Directed by Roya Sadat, the film mixes archival news footage with discussions between the four women that gives us a well-rounded view of how history played out to the public and behind closed doors, such as the Taliban contingent not even acknowledging the women when walking past them in Doha. Through this backdoor footage, we come to understand the impending change at a personal level, not just how their day to day life will alter, but how it effects their mindsets as individuals.

Over the last few years in the West, sexual harassment and abuse towards women in the workplace and otherwise has been a focal point in the media, classrooms and general discourse online and in-person.
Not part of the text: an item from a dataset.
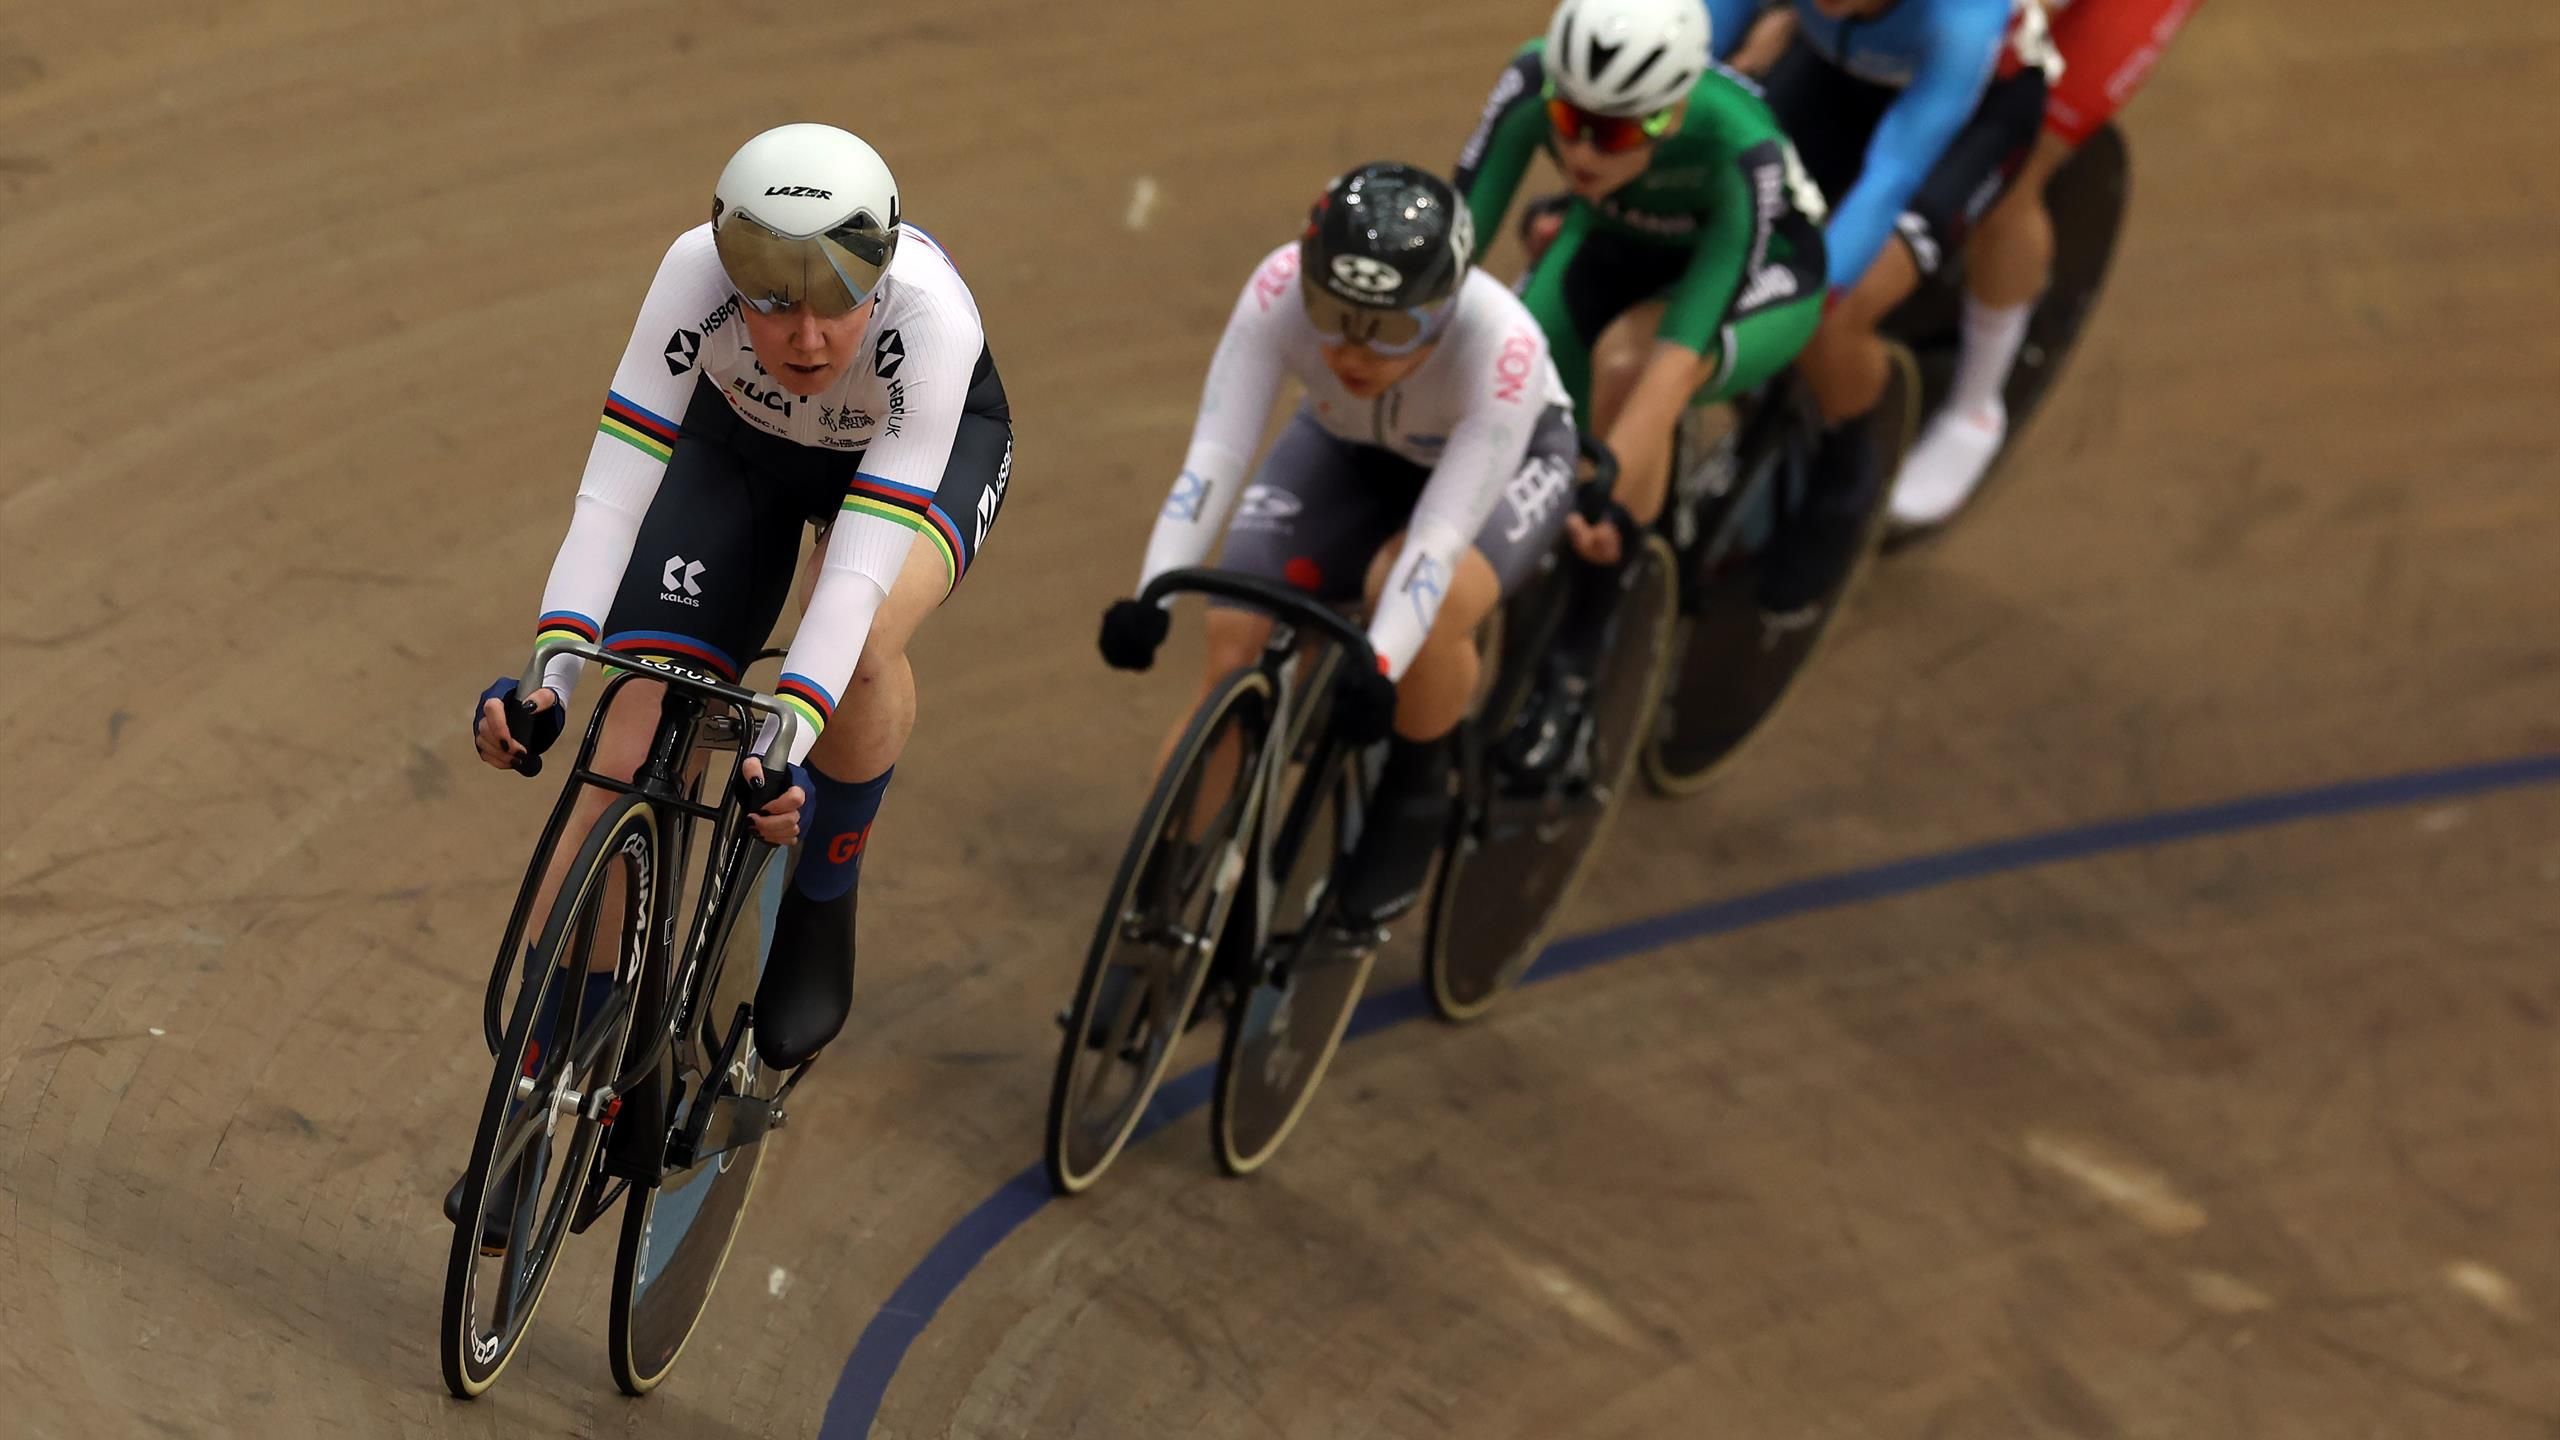 UCI Track Cycling World Championships Dates, events, riders to watch and more

Without reducing the plight of this movement, The Sharp Edge of Peace broadens the urgency of women’s rights collectively across the world, and with this includes a helpless anger from those of us on the outside looking in.

In the film, Koofi states unequivocally that, “We are being erased.” A statement that can read hyperbolic in most circumstances, but in this context, it’s a frightening assessment of their reality. The Sharp Edge of Peace crystallizes exactly what’s at stake for the girls and women of Afghanistan and through Sadat’s direction, we’re given a visceral experience that puts us closer to being in their shoes.

Throughout history and across the globe, it’s never been easy to be a woman. Fights to be safe, to be heard, and to exercise true autonomy over our bodies and minds are won and lost each day inside government institutions and our own homes. The Sharp Edge of Peace reminds those of us in positions with more privilege that these battles extend beyond our doorstep. They require our attention and our sisterhood now more than ever.

The Sharp Edge of Peace screened at Hot Docs 2024.